Archbishop of Westminster’s Christmas message: Same-sex marriage plan is an Orwellian shambles
The leader of the Roman Catholic church in England and Wales has attacked the Government’s plans for marriage equality as an undemocratic shambles.
The archbishop of Westminster, Vincent Nichols spoke to the BBC ahead of his Christmas Day service. Last night during his Christmas Eve mass service, he attacked the Government legislating for equality.
He told the BBC: “There was no announcement in any party manifesto, no green paper, no statement in the Queen’s speech.
“And yet here we are on the verge of primary legislation. From a democratic point of view, it’s a shambles.
“George Orwell would be proud of that manoeuvre. I think the process is shambolic.”
The archbishop ignored the fact that the governing Conservative Party included a commitment to begin the process that has lead to the plans for equal marriage.
The archbishop also claimed that during a “period of listening”, in other words, the Government’s official consultation period, those who responded were “7-1 against same-sex marriage”.
This statement isn’t true either, or the archbishop needs to attend a maths revision class. The Government says that 53 per cent of those who responded to the consultation said they supported making same-sex marriage equal.
Speaking to this congregation at Westminster Cathedral last night, he said: “Sometimes sexual expression can be without the public bond of the faithfulness of marriage and its ordering to new life.

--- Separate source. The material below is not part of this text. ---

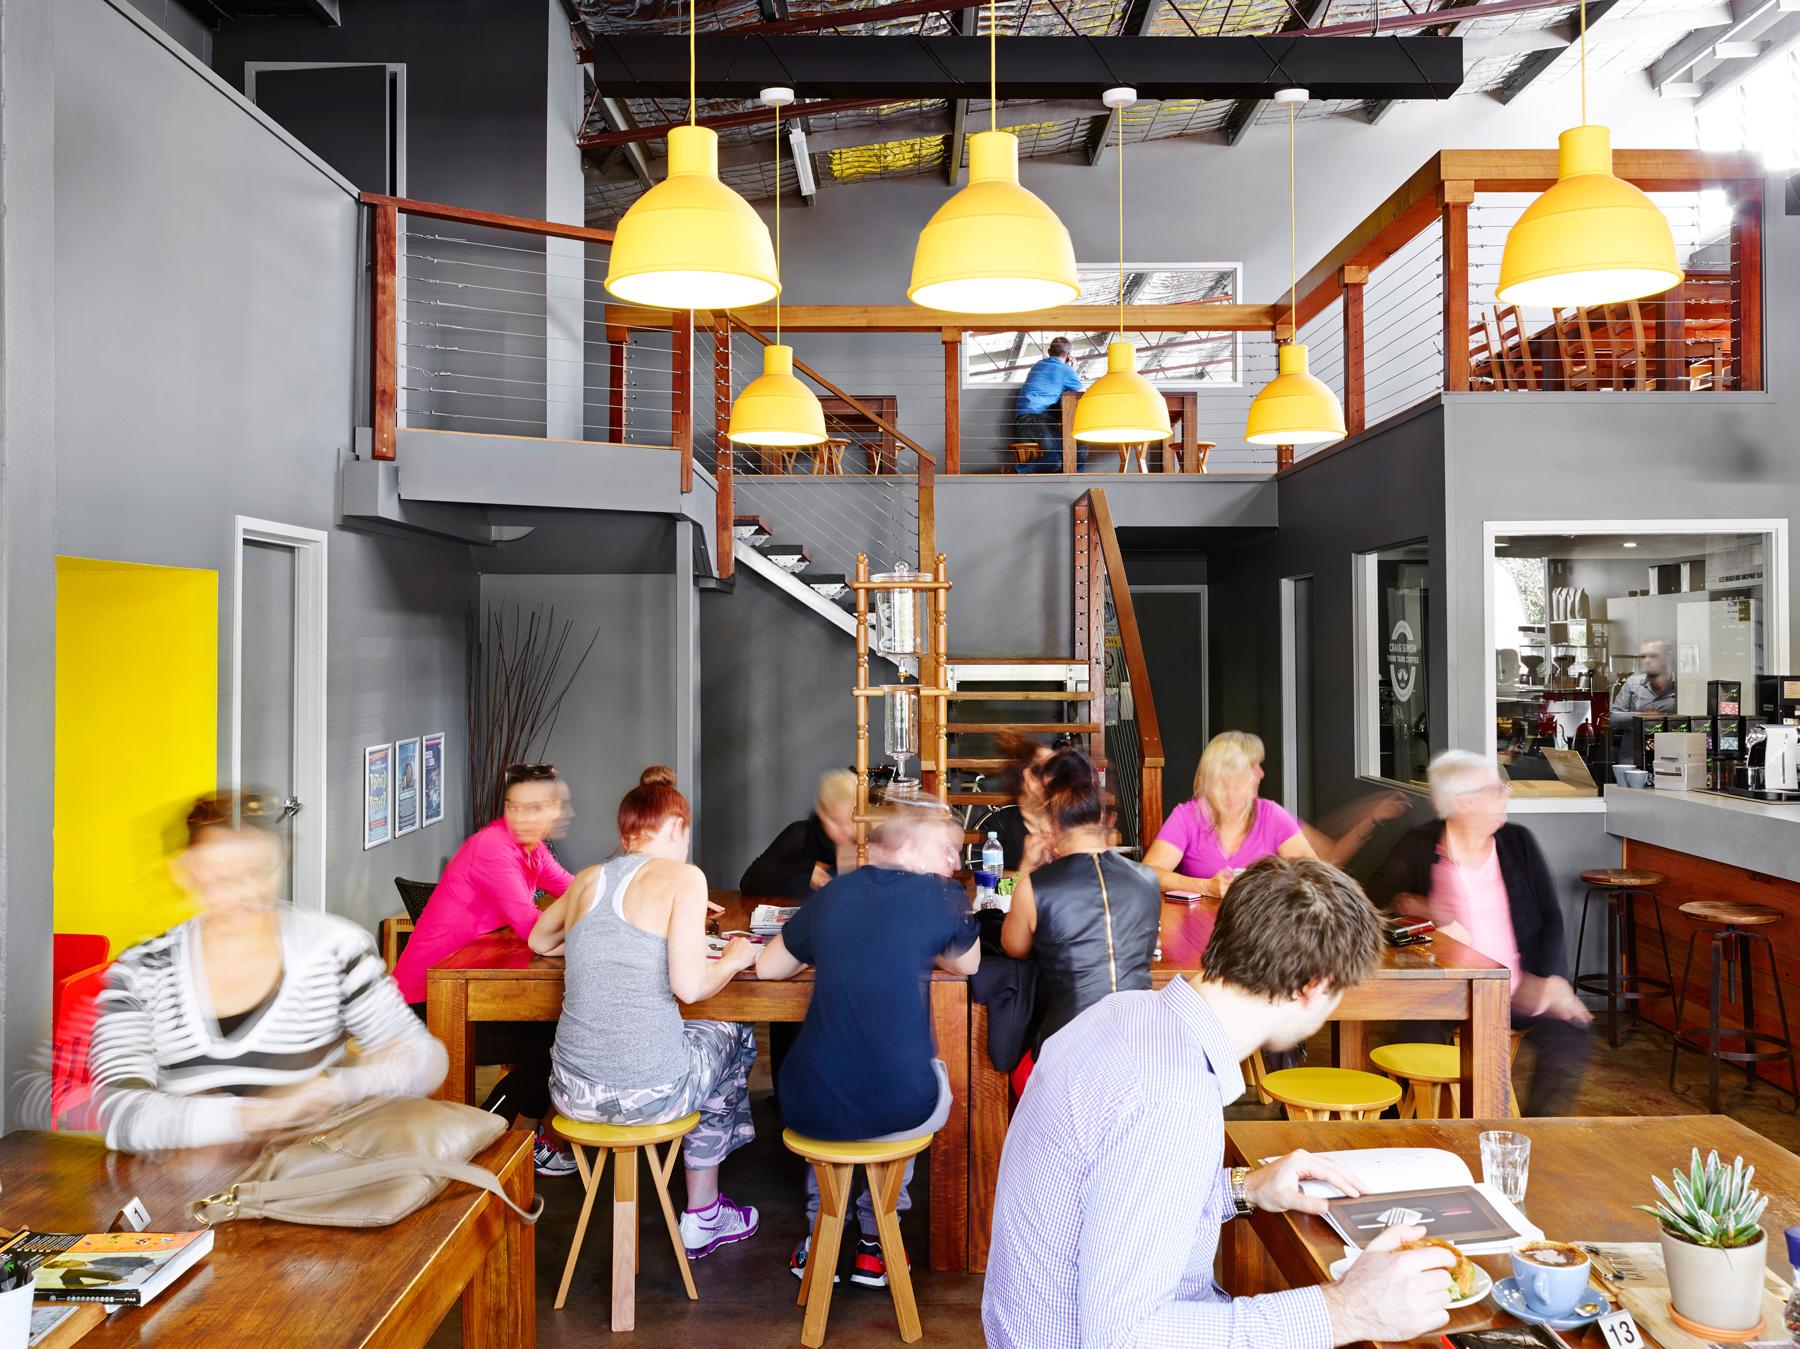 Sydney's second CBD: A closer look at Parramatta's office market

“Even Governments mistakenly promote such patterns of sexual intimacy as objectively to be approved and even encouraged among the young.”
Later at Durham Cathedral on Christmas Day, the archbishop attacked David Cameron: “Basically the prime minister has said, ‘where there is love and commitment, then that’s all that you need for marriage’… But I think that’s very shallow thinking, and it’s a shame that these matters have not been given much, much more thought.”
Last week, the Pope said: “There is also a need to acknowledge and promote the natural structure of marriage as the union of a man and a woman in the face of attempts to make it juridically equivalent to radically different types of union.
“Such attempts actually harm and help to destabilise marriage, obscuring its specific nature and its indispensable role in society”, the Pope told worshipers.